Krishen was joined on the panel of five judges by authors Anjum Hasan, K RMeera and Parvati Sharma, and Arvind Subramanian, economist and former chief economic adviser to the Government of India.

He said: "Bringing voices from across the country, these novels address the many specific difficulties of living a life in Indian society. With a combination of lyricism and humour, the five novelists portray characters who are at odds with their - very different - worlds. Their private struggles help illuminate larger themes, including patriarchy in rural southern India, religious and political conflict in Kashmir, and social and sexual marginalization in eastern India. Taken together these novels remind us that fiction remains the most powerful way for a society to examine its fundamental concerns."
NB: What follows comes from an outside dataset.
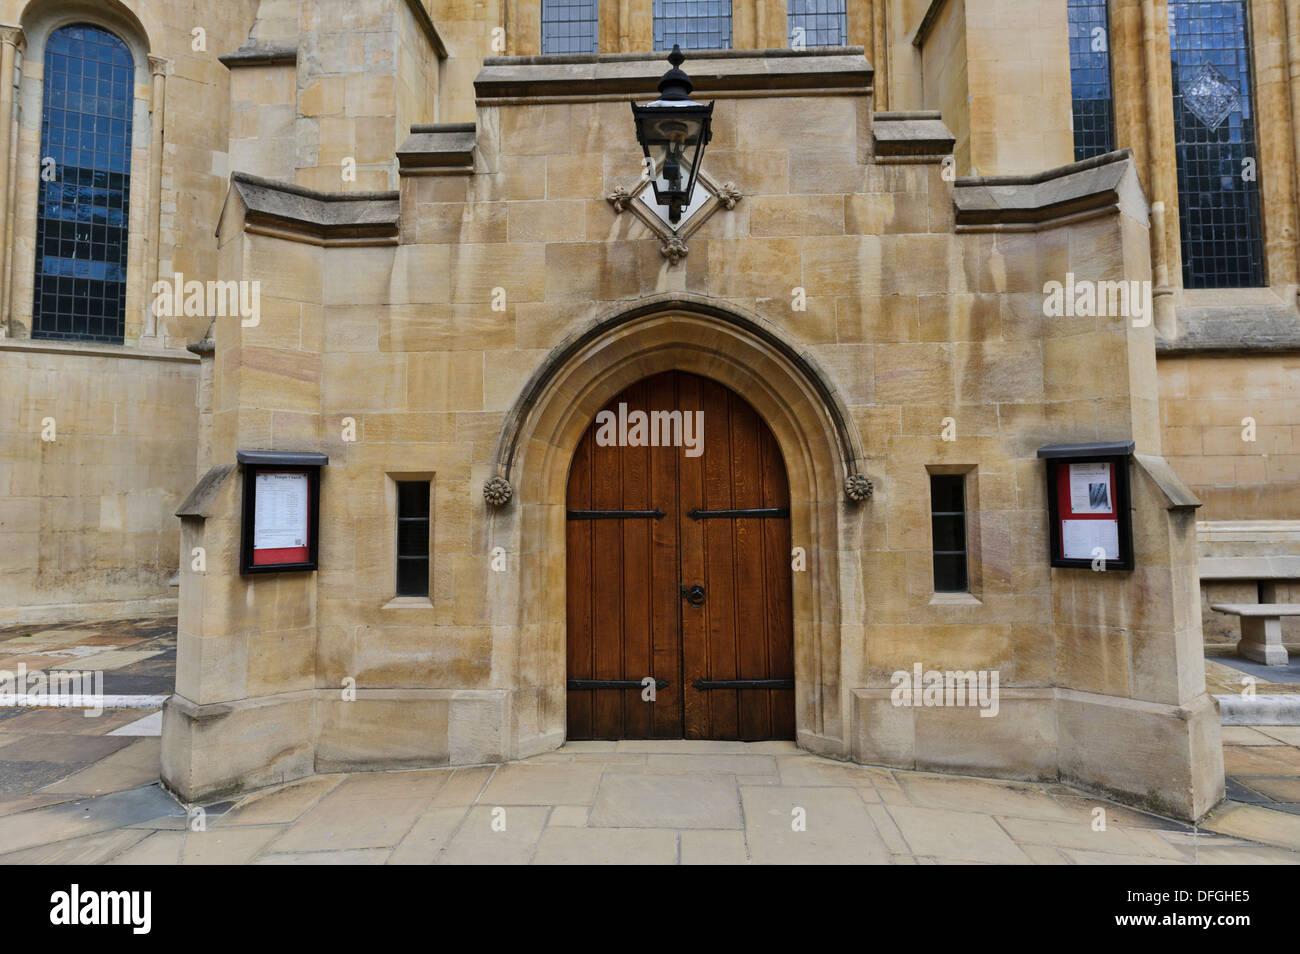 La entrada a la iglesia del Temple, Londres, Inglaterra, Reino Unido. Imagen De Stock
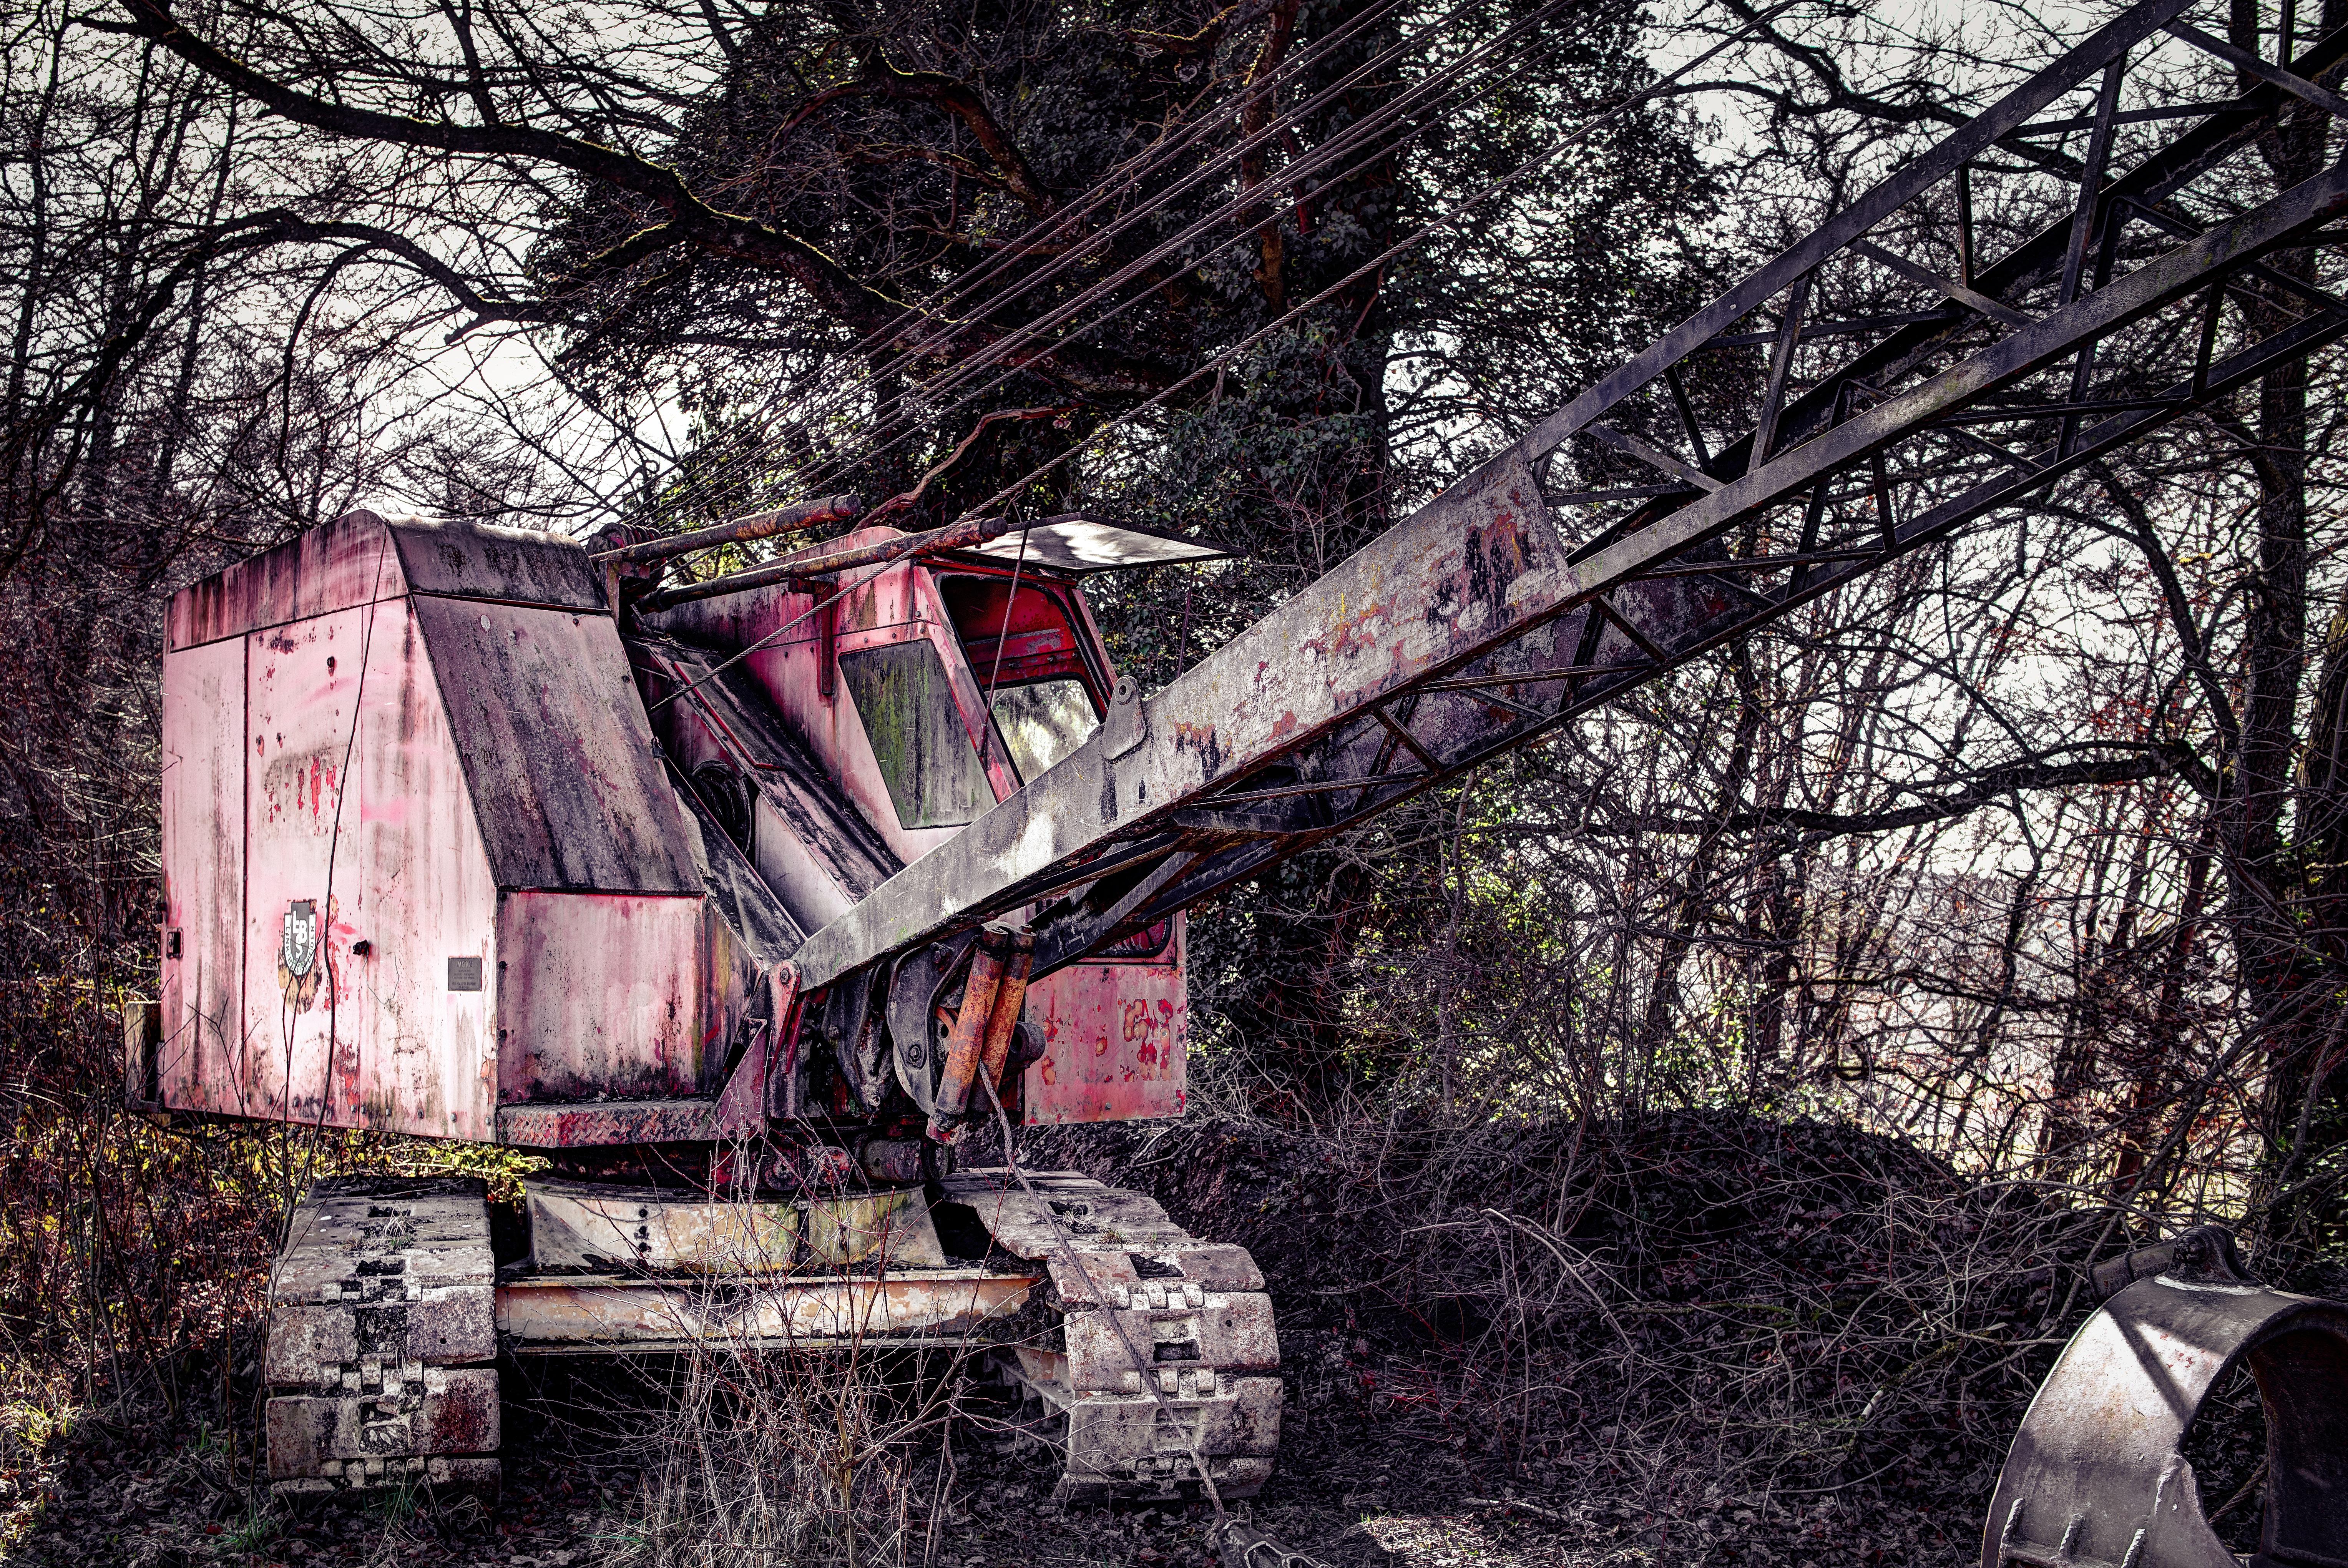 Rust, Construction, Heavy, Machine, Metal, HQ Photo

Rana Dasgupta, literary director, added: "This year’s shortlist displays a satisfying diversity of voices, as is appropriate to the scale and variety of this country. These five books transport us to very different parts of India, and give us access to very different kinds of life. Each of them is imbued by the spirit of its moment, which is perhaps why the shortlist has such an unsettled, turbulent flavour. But literature contains wisdom too, and the deep sense of justice in these books reminds us why, whatever our reality, we continue to care, hope and strive."

The winner will be announced on 2nd November. 

Last year's inaugural winner was Jasmine Days by Benyamin, translated from the Malayalam by Shahnaz Habib and published by Juggernaut Books.